Há um exagero nas críticas à decisão do STJ que permitiu o acesso do Ministério Público e da Polícia Civil do Rio de Janeiro a dados em poder da Google que possam ajudar a identificar a autoria dos crimes praticados em 2018 contra a vereadora Marielle Franco e seu motorista.

Não serão milhares nem milhões os usuários alcançados pela correta decisão do STJ, proferida em agosto de 2020 nos RMS 60.698, RMS 61.302 e RMS 62.143, submetidos à 3ª Seção, que reúne as duas turmas criminais da Corte.

Quantas pessoas já tinham ouvido falar da vereadora antes do crime?

O que se quer saber na investigação é quem pesquisou certas palavras relacionadas a ela às vésperas do homicídio. Chegar-se-á a um pequeno número de indivíduos e, possivelmente, aos autores do crime.

Identificar esse pequeno conjunto de usuários não os exporá a linchamento virtual nem a execração pública. Os termos de busca em si são anódinos, banais. Os dados continuarão sigilosos e só interessarão à investigação da Polícia Civil e do MPRJ aqueles que se ligarem a outros indícios da autoria do crime!
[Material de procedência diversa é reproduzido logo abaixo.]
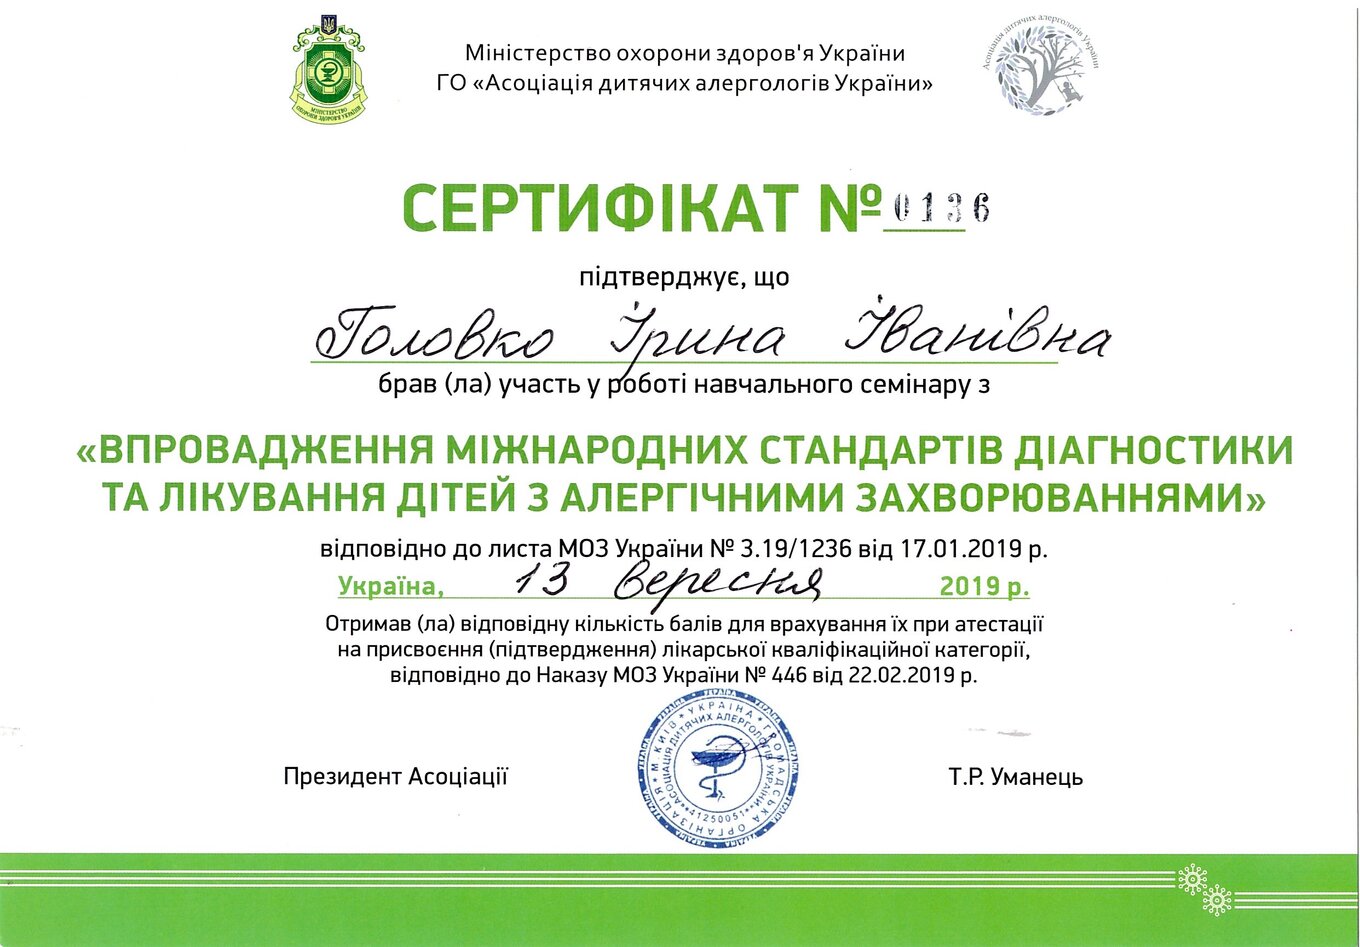 Golovko Irina Ivanivna sertifikat6

Dados pessoais merecem proteção legal, mas em sociedades que deles dependem para seu funcionamento, a lei deve prever formas legítimas de acesso pelos órgãos de investigação, com ou sem autorização judicial, sendo esta exigível nos casos de reserva de jurisdição.

Tomo um exemplo da Europa, onde a Polícia realizou testes de DNA em massa para descobrir a autoria de um crime grave. Um desses casos ocorreu na apuração da morte de Nicky Verstappen, assassinado aos 11 anos.

Em 2018, a Polícia holandesa pediu a 21 mil homens da região onde ocorreu o crime que se apresentassem para exames de DNA. Mais de 16 mil homens foram testados. Em função disso, um homem de 55 anos, suspeito de morte de Nicky Verstappen, foi identificado e preso na Espanha.

Ao deferir a medida no caso Marielle, o min. Rogério Schietti, relator, disse que “as mesmas estruturas tecnológicas que nos invadem diariamente com fornecimento dos nossos dados para empresas fornecerem serviços agora se colocam de uma maneira tão ferrenha contra uma simples investigação de um assassinato”.

É de fato surpreendente que uma empresa cujo modelo de negócio se funda na acintosa exploração de dados pessoais e informações de milhões de usuários alegue que uma cooperação restrita e específica com o Estado em caso grave e delimitado “ameaçaria” a privacidade desses mesmos usuários.

Diferentemente do que alega a Google, a ordem judicial fluminense chancelada pelo STJ não é genérica nem ampla. É muito específica quanto aos temos de busca e delimitada quanto ao tempo e a determinadas coordenadas geográficas.

O STJ manteve a ordem judicial que ordena à Google que informe quem, nos 5 dias que antecederam o crime, pesquisou no buscador Google, os termos “Marielle Franco”, “vereadora Marielle”, “agenda Marielle”, “agenda vereadora Marielle”, “Casa das Pretas”, “Rua dos Inválidos 122” e “Rua dos Inválidos”.

A decisão confirmada pelo STJ é proporcional, necessária para a apuração de um crime grave, atende a um fim legítimo numa sociedade democrática, foi devidamente fundamentada, proferida pela autoridade competente e está baseada em lei, especialmente o Marco Civil da Internet. Que seja frutífera para identificar os autores do crime.